20 Aralık 2015 Pazar

KIRMIZIMSI



Yeryüzünde hiç karşılaşmamışlardı. Ve o gece çocukluklarını gördüler rüyalarında. Saat 3 sularında.

Uyandıklarında birbirlerini tanıyorlardı. Evlerinden çıkarken ilk kez karşılaşacaklarını hissetmişlerdi.

Birkaç metre ileriden bakıştılar. Gözleri 'Seni tanıyorum. Yemin ederim ki seni tanıyorum çocuk!' diyordu.

Kırmızımsı pantolonlarını giymişlerdi. Kırmızının netliği yoktu. Rüya aleminin kutsal soyutluğu ve karmaşıklığını andırıyordu. Kırmızımsı.
Ceketleri, tanışmalarının gerçekle zıtlığını ama bir o kadar da uyumunu simgelerken biri siyahtı biri beyaz.


Büyümüştü. Bir gecede. Saat 3 sularında. Şimdi karşısındaydı çocukluğundaki sarı saçlarıyla.

Büyümüştü. Bir gecede. Saat 3 sularında. Şimdi karşısındaydı minik tırnaklarıyla.


Seni tanıyorum. Yemin ederim ki seni tanıyorum çocuk. Kendine iyi bak. Bir gün yeniden karşılaşacağız. Saat 3 sularında. Seni tanıyorum ve bunu biliyorum.




10 Mayıs 2015 Pazar

&



Bir kız çocuğu büyütüyorum.

Ruhu yaralar ve yara izleriyle dolu bu kız çocuğunun kanayan yerlerine kalbimi, kelimelerimi bastırıyorum.

Ağrılarını ruhumla ovuyorum.

Bembeyaz bedenine, geceleri uçuşan beyaz saçlarına bulaşan lekeleri tırnaklarımla parçalıyorum.

2 Nisan 2015 Perşembe

Sokakların Tanrısı



Bir ömür çalışıyorsunuz kendinizi "dış dünya" dediğiniz gerçek dünyadan korumak arzusuyla 4 duvara sahip olmak için. Olamazsanız ölürmüşsünüzcesine.

Bu yüzdendir ki sokaklar sokaklarla ve sokaklarda yaşayabilenler içindir.




Bütün sokaklara sahip bir serseri tanıdım.
Ben sokaklara sahip olmak istiyordum; o sahipti.
 
Sokaklar onu özgür, bir o kadar cesur, bir o kadar "hiç" yapmıştı. Ve bir o kadar da her şey.

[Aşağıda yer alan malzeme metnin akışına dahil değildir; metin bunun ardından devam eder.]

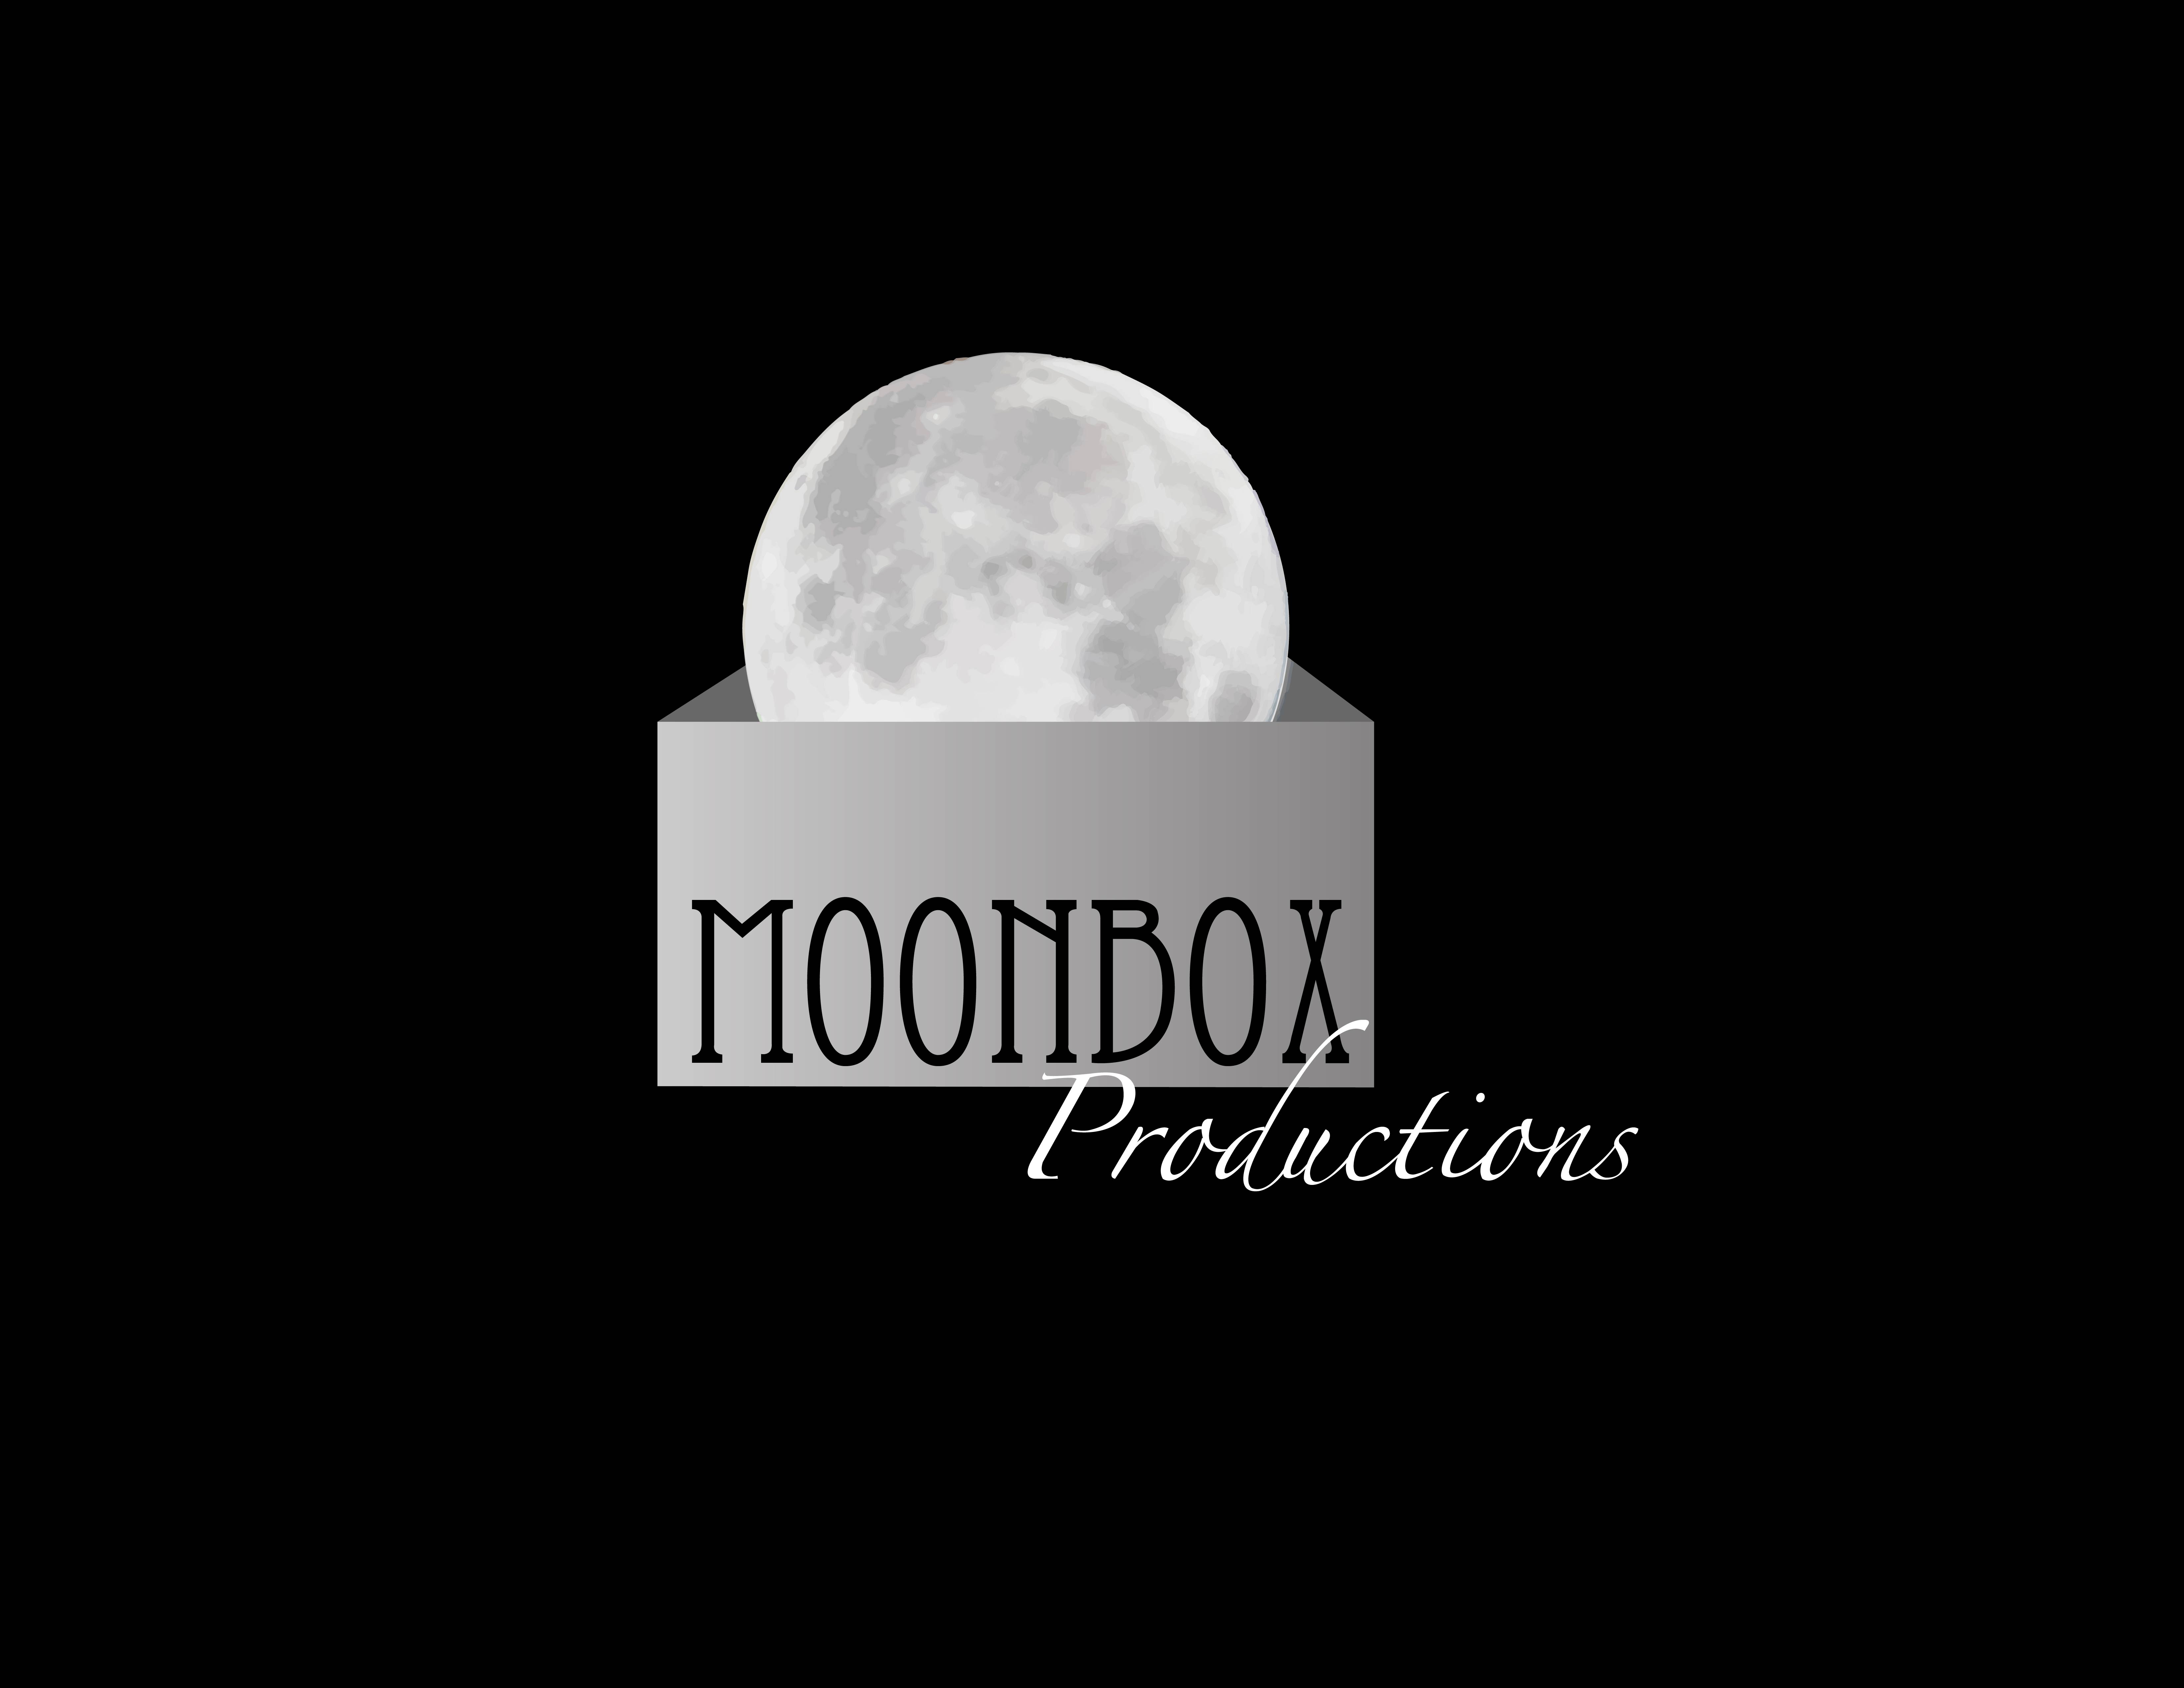 Moonbox Productions logo

Şeytan olduğunu iddia eden bir "tanrıydı".
Bilmiyordu.
Sokakların tanrısı.

Tanrıların acı çektiklerini ondan öğrendim; sızlayan ruhunun kalbimi titrettiği zamanlarda.
Ve tanrıların yok olabileceklerini.
Tapılan bir tanrının eriyip gidebileceğini.

Gerçek şeytan sustu.
Gerçek şeytan son şarkı bittiğinde sonsuza kadar sustu.
Son notadan, son noktadan sonra...


20 Ocak 2015 Salı

Şeytan 2 - 3 - 4



2


Son şarkının çaldığını duyuyorum.
Mumlarım rüzgarlara karşı direniyor, bitene kadar yanmak için can atıyorlar.
Onlar söndüğünde sonsuzluğa birlikte gideceğimizi biliyor ruhumun sadık koruyucuları.
Son şarkı bizim için çalıyor.
Maskelerimiz cehennemin duvarlarında.
Sonsuz bir boşlukta yaşıyoruz.
Tanrının bile varlığımızdan haberi yok.
Mumlar konuşamaz,
Mumdan şeytan konuşmaz.


 3


Karanlıktan daha siyahım.
Hiçlik kadar boş, ay kadar parlak...
Ruhumda buzdan ağaçlarla dolu ormanlar var.
Saçlarım ruhumu astığım dallara benziyor.
Tren raylarında yürüyor, camların üstünde koşuyor, yağmurlarla yıkanıyor, yıldızlarda uyuyorum.
Gözyaşlarımın zehrini, dünyaya düşen her damlayla gözlerimden akan ve beyaz bulutları grileştirmeye yeten siyahlıklar kanıtlıyor.

 Benim olduğum her yer cehennem. Senin yağmurunsa meleklerin gözyaşı. Ve acı çeken hiçbir meleğin gözyaşı senin yaktığın bu ateşi söndür(e)meyecek.


4


Tanrım! Canımı yakıyorsun.
Sonsuza kadar yanmayı göze alıyor ve söylüyorum ki: acı çekmelisin!
Öyle ki benim cehennemim senin hiç giremeyeceğin cennetin olmalı.